* **Exercise material**:

-- -- --

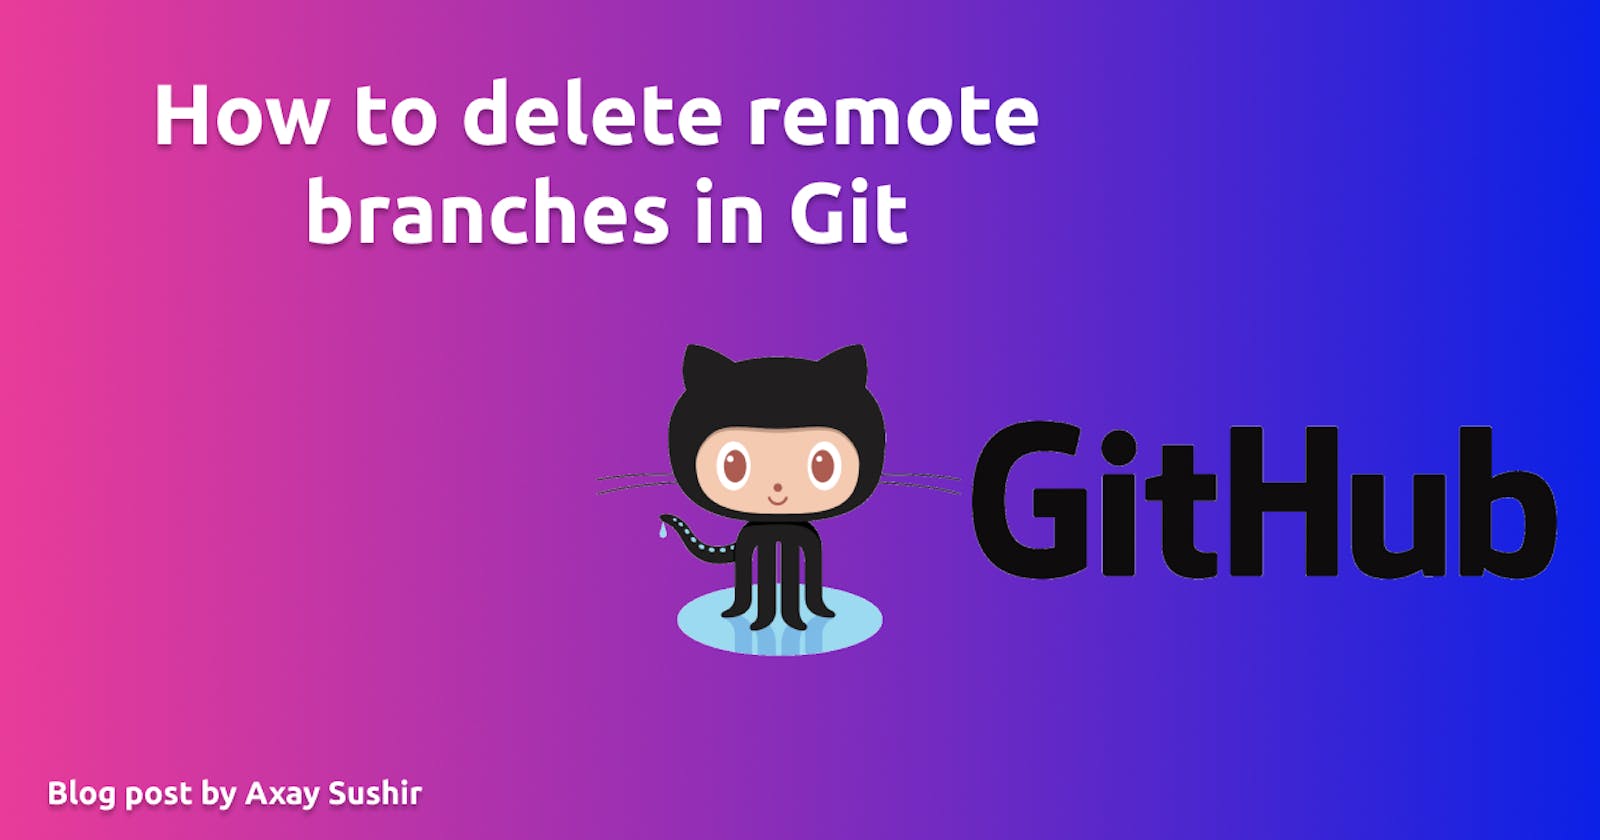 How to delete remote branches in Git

-- -- --

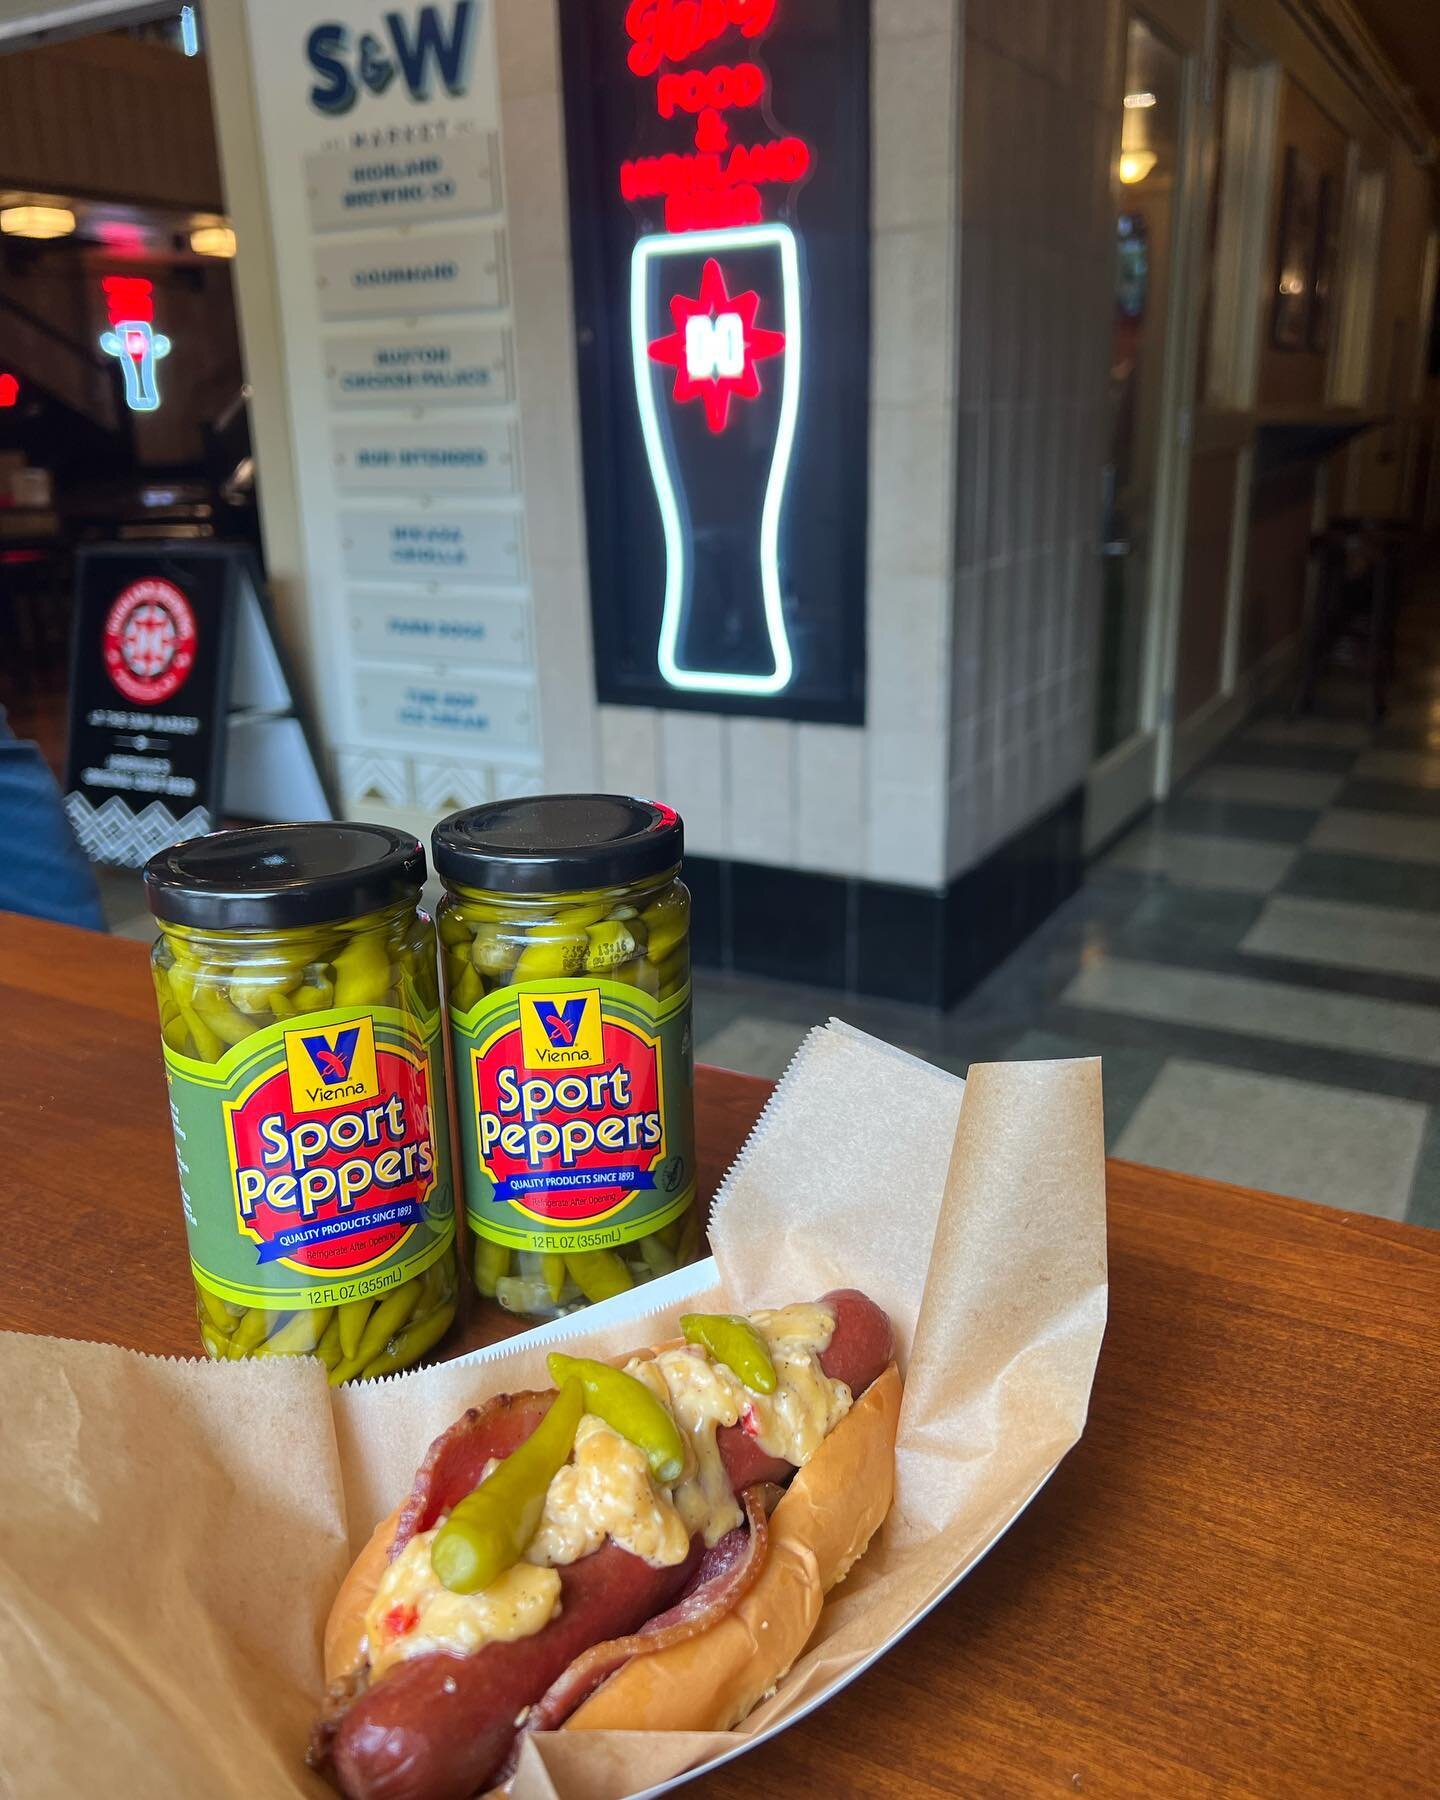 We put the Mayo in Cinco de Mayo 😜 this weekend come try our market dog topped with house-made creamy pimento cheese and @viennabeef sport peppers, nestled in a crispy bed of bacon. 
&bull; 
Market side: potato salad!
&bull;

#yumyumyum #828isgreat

-- -- --

* **Work task**:
All lines above from the one with "Market side: potato salad!" to the one with "#yumyumyum #828isgreat", inclusive, should be copied exactly, and no other lines.

* **Exercise output**:
Market side: potato salad!
&bull;

#yumyumyum #828isgreat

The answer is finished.